Useful btrfs commands

"filesystem df"

BTRFS use different data layout compared to file systems like ext{2,3,4}. Data and metadata are organized to pools and pools are allocated from raw device. There are several different pools and each one have it's own utilization. Therefore it is not easy to provide "numbers" for df command. If you ran out of space or you are unsure what is causing disk utilization then review output of following command:

# btrfs filesystem df /mnt/backup/

Data, single: total=79.01GiB, used=78.66GiB

System, DUP: total=8.00MiB, used=16.00KiB
System, single: total=4.00MiB, used=0.00B

Metadata, DUP: total=1.00GiB, used=440.55MiB
Metadata, single: total=8.00MiB, used=0.00B

GlobalReserve, single: total=160.00MiB, used=0.00B

Note1: I put empty lines to output in order to visually separate pools

Note2: Data -> user data, System -> stuff related to "super block", Metadata -> Metadata :o) , GlobalReserve -> FS reserve to prevent deadlock

how to identify space consumers

Files and blocks of files can be shared between volumes (and snapshots). Standard Linux tools don't understand underlying data layout so it is not easy to find space consumers using this tools. It is necessary to use btrfs native commands in order to get accurate numbers. Example of usage:

  • First step is to get ID of subvolumes:
# btrfs sub list /mnt/backup/
ID 257 gen 44 top level 5 path lukas
ID 337 gen 30 top level 5 path lukas_2016-09-11_1473624103
ID 345 gen 35 top level 5 path lukas_2016-09-11_1473624272
ID 349 gen 39 top level 5 path lukas_2016-09-11_1473624385
ID 350 gen 42 top level 5 path lukas_2016-09-11_1473624546
  • Second step is list of quota groups:
# btrfs qgroup show /mnt/backup/
qgroupid         rfer         excl 
--------         ----         ---- 
0/5          16.00KiB     16.00KiB 
0/257        78.41GiB     42.92MiB 
0/337        78.84GiB      7.37GiB 
0/345        78.42GiB     48.53MiB 
0/349        78.42GiB     46.27MiB 
0/350        78.43GiB     37.96MiB 

First number represent subvolume id (snapshot is also subvolume). Second one is size of it (in mean of all data accessible via subvolume). Third one show data exclusively stored in this group. This size can be recovered by removing subvolume / snapshot.

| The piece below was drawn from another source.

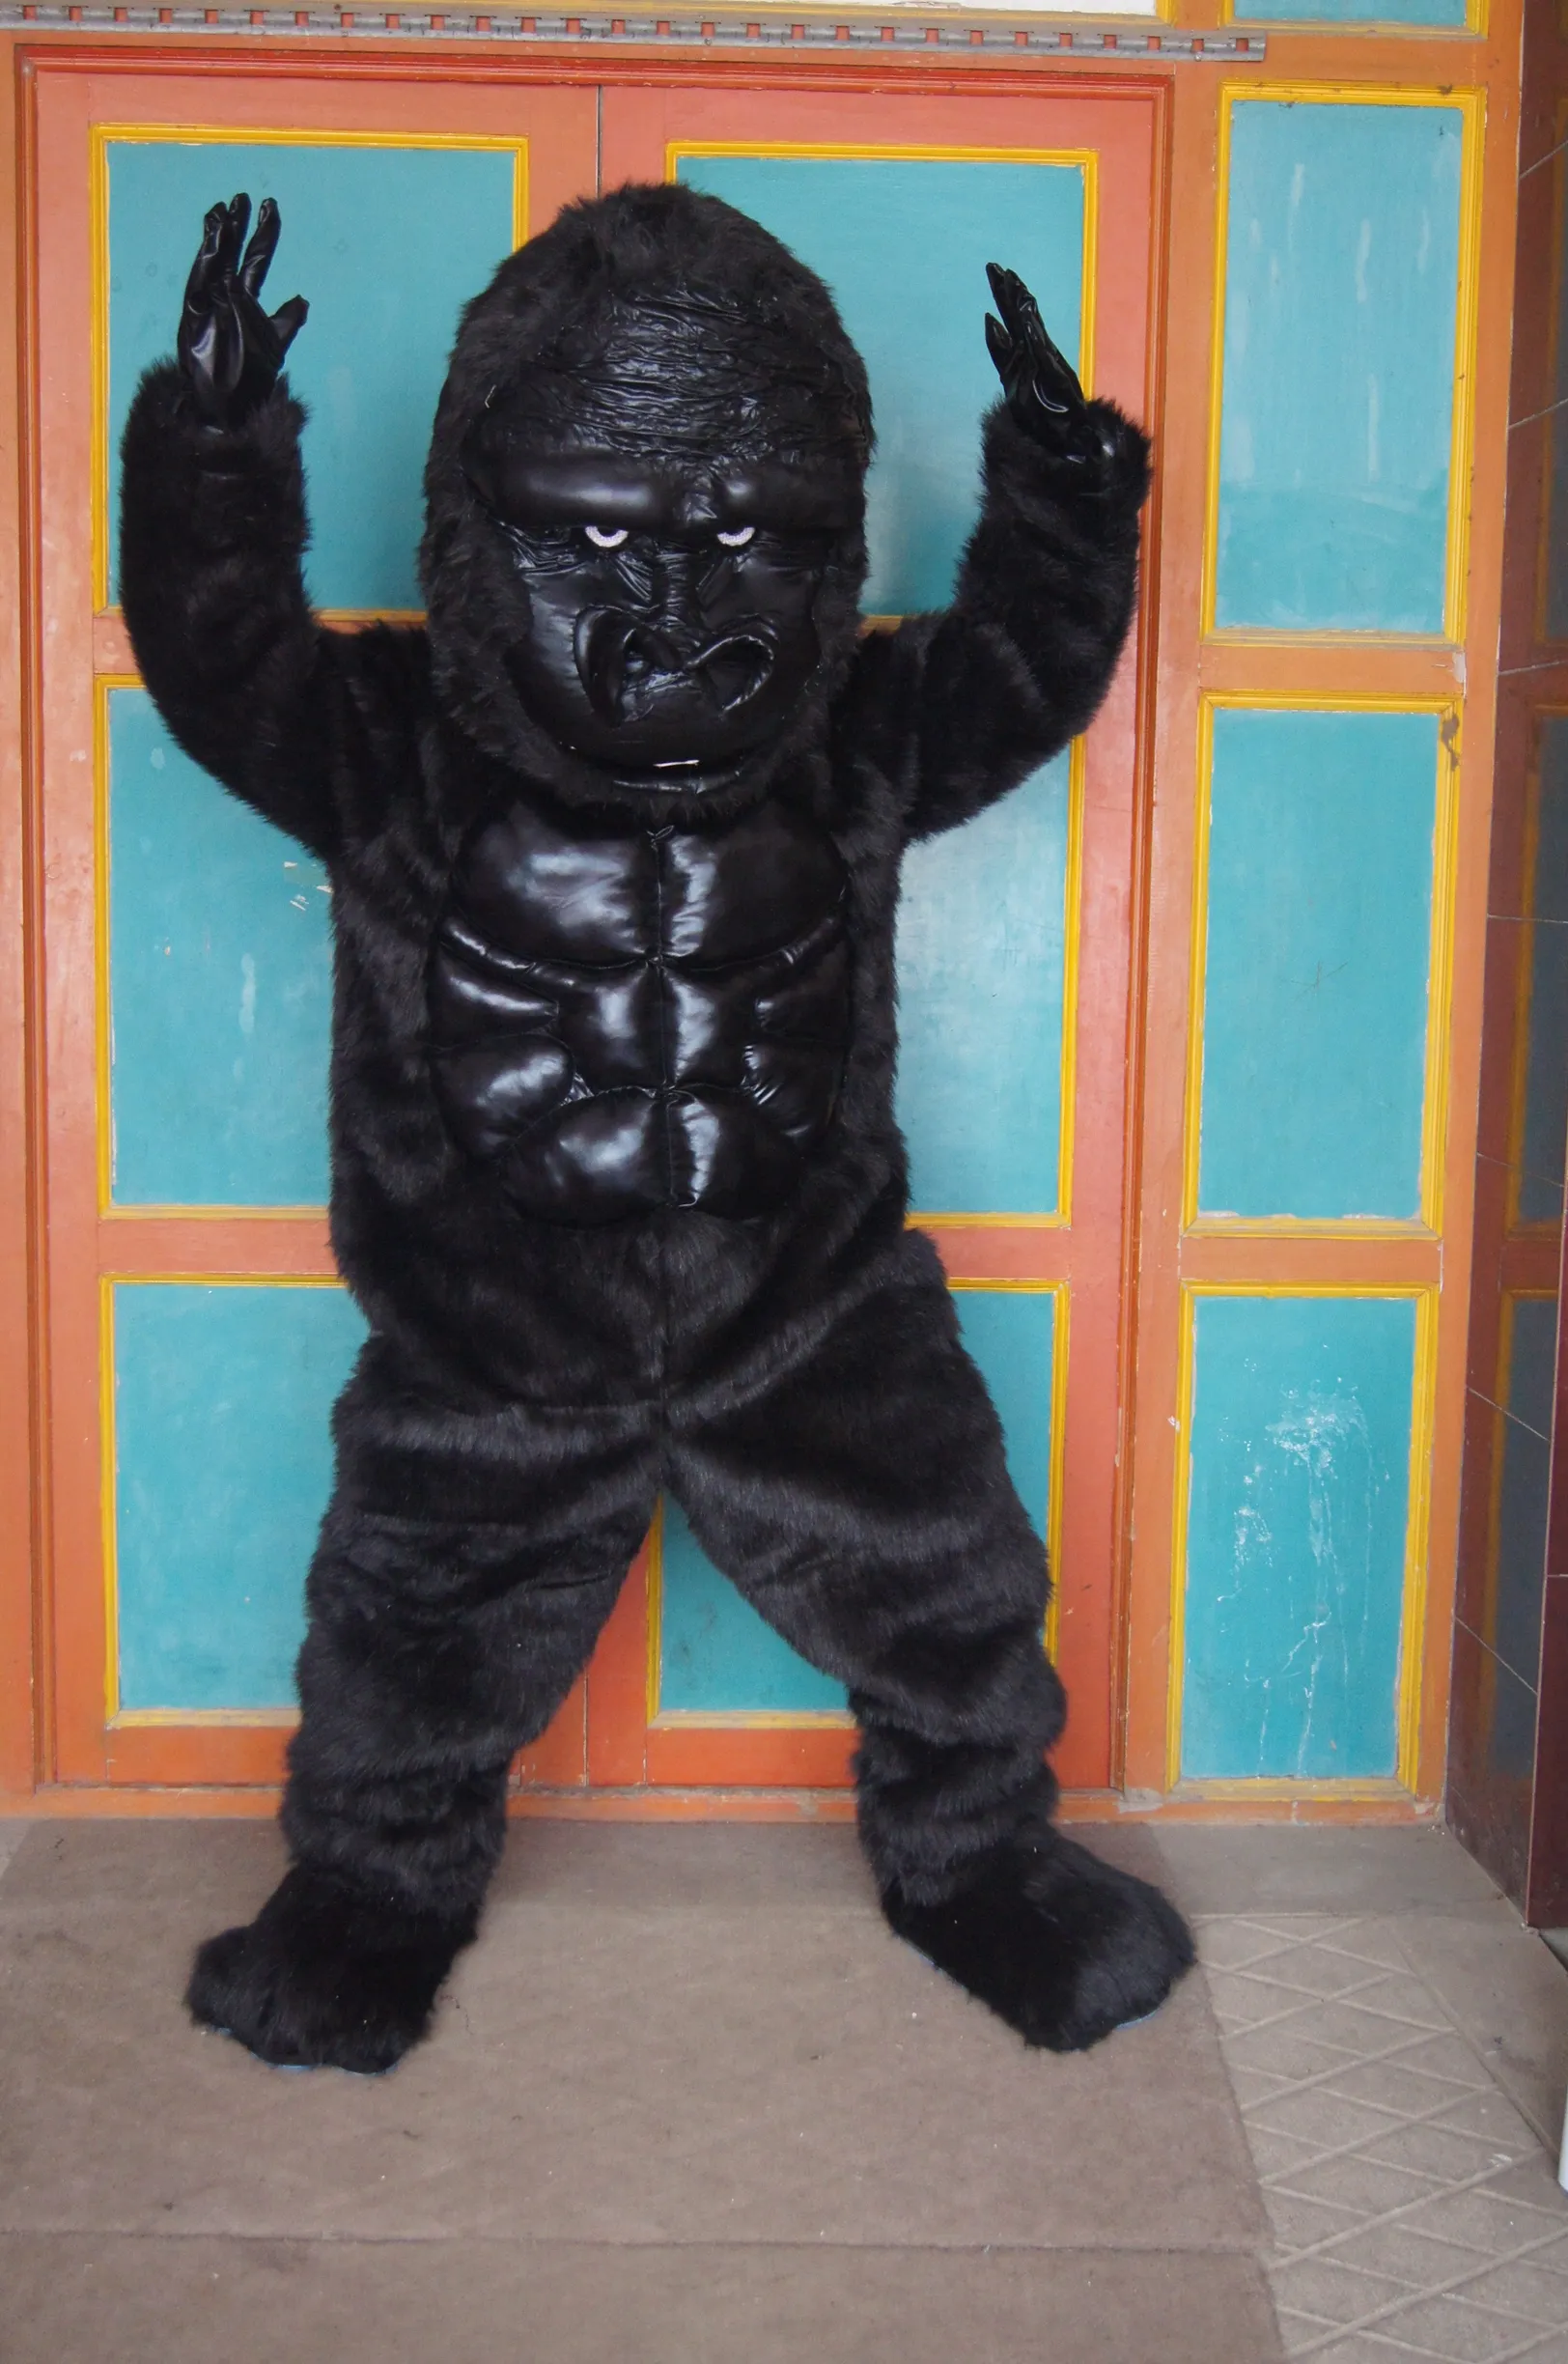 Vente chaude personnage de film de dessin animé véritable orang-outan gorille chimpanzé jocko chimpanzé mascotte costume taille adulte livraison gratuite

As a example -> By removing "0/337 " I can get back 7.37GiB of space.

Subvolume (snapshot) remove

Snapshots and subvolumes are removed in same way:

# btrfs sub delete /mnt/backup/lukas_2016-09-11_1473624103/
Delete subvolume (no-commit): '/mnt/backup/lukas_2016-09-11_1473624103'

It may take some time till BTRFS release all data used by snapshot or subvolume.

File system extend

I am using iSCSI LUN so I can extend it. Here is way how to extend also BTRFS on it:

# btrfs filesystem resize max /mnt/backup/
Resize '/mnt/backup/' of 'max'

This command will extend all attached devices in btrfs to reflect maximum HW size (for example after LUN resize).